- Born: 4 December 1966 (age 59) Babinda, Queensland, Australia
- Occupations: News presenter & journalist
- Employer: Network 10
- Children: 2
- Website: Sharyn Ghidella profile (archived via the Wayback Machine on 9 September 2018)

= Sharyn Ghidella =

Australian journalist and news presenter

Sharyn Ghidella (born 4 December 1966) is an Australian journalist and news presenter.

==Career==
Ghidella's career in television began in the North Queensland region, as a reporter and presenter for North Queensland Television (now 10 QLD) for 3 years. She also produced and presented the regional weekly current affairs program, Newsweek. She moved to Brisbane to work with Network Ten's News division, before going to the Nine Network, in 1992.

=== Nine Network ===
Initially, she was at the Nine Network reporting for National Nine News in Sydney, writing and presenting hourly news breaks. In 1997, she began hosting Nine's Daybreak program, which was renamed National Nine Early News in 1998.

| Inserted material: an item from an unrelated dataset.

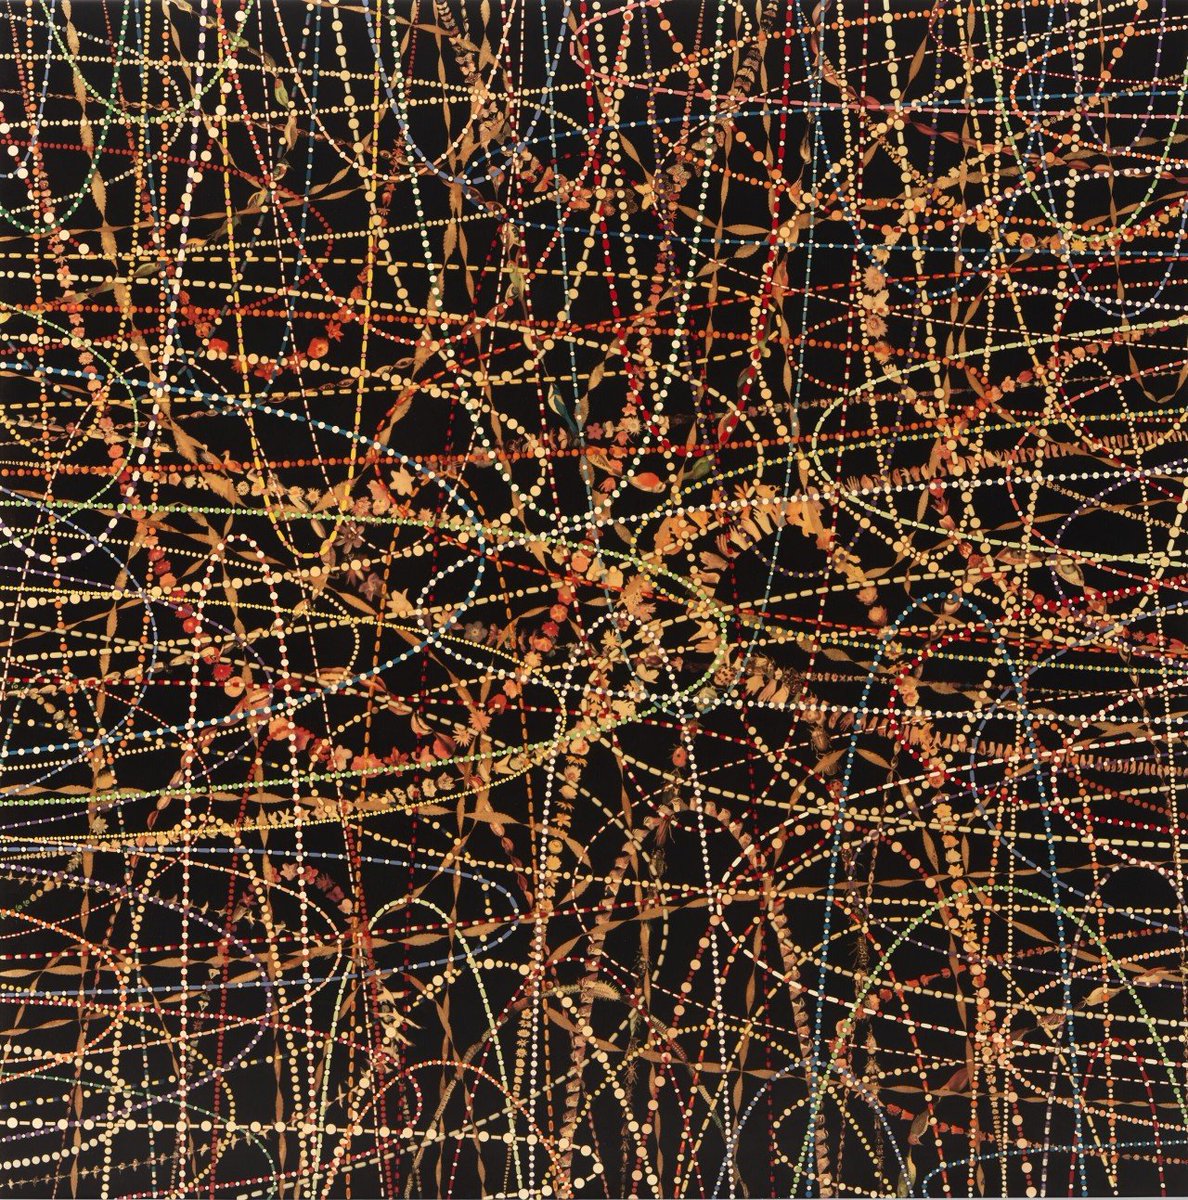 Fred Tomaselli. 'Gravity in Four Directions,' 2001.

Returning to the early news meant she became a regular substitute host on Today filling in for anchor Tracy Grimshaw or news presenter Ian Ross. When Ross left the show in 2001, she became permanent news presenter, and continued as fill in host for the show.

In February 2005, Leila McKinnon replaced Ghidella on Today. Ghidella moved to co-host National Nine Early News alongside Chris Smith and weather presenter Majella Wiemers; this lasted until July 2005. Ghidella then moved back to her previous position as news presenter on Today while McKinnon moved to host National Nine Morning News.

Ghidella left Today and the Nine Network on 1 December 2006 with sources such as the AAP claiming she was upset as she worked at the network "for so long". Ghidella was replaced by Georgie Gardner.

=== Seven Network ===
In 2007, she replaced Tracey Challenor on Seven News Brisbane as weekend presenter. Her arrival at BTQ, as well as that of former Nine News Queensland weather presenter John Schluter, saw the bulletin overtake the market-leading Nine bulletin for the first time in two decades.

In January 2013, Ghidella began presenting Seven News Brisbane from Sunday to Thursday with Bill McDonald (and later Max Futcher) and was also appointed presenter of Today Tonight Queensland. The show was axed in February 2014.

In July 2024, Ghidella left the Seven Network after 17 years with the network.

=== Return to Network 10 ===
In August 2024, it was announced that Ghidella would return to Network 10 to present a revived local edition of 10 News Queensland from early September, thereby segregating the composite Brisbane and Sydney bulletin that had been presented by Sandra Sully since September 2020.

Ghidella has filled in as a co-host on The Project.

==Personal life==
Ghidella was born in Babinda, in Far North Queensland.

She had a partner, freelance cameraman Paul Croll, and they have two sons.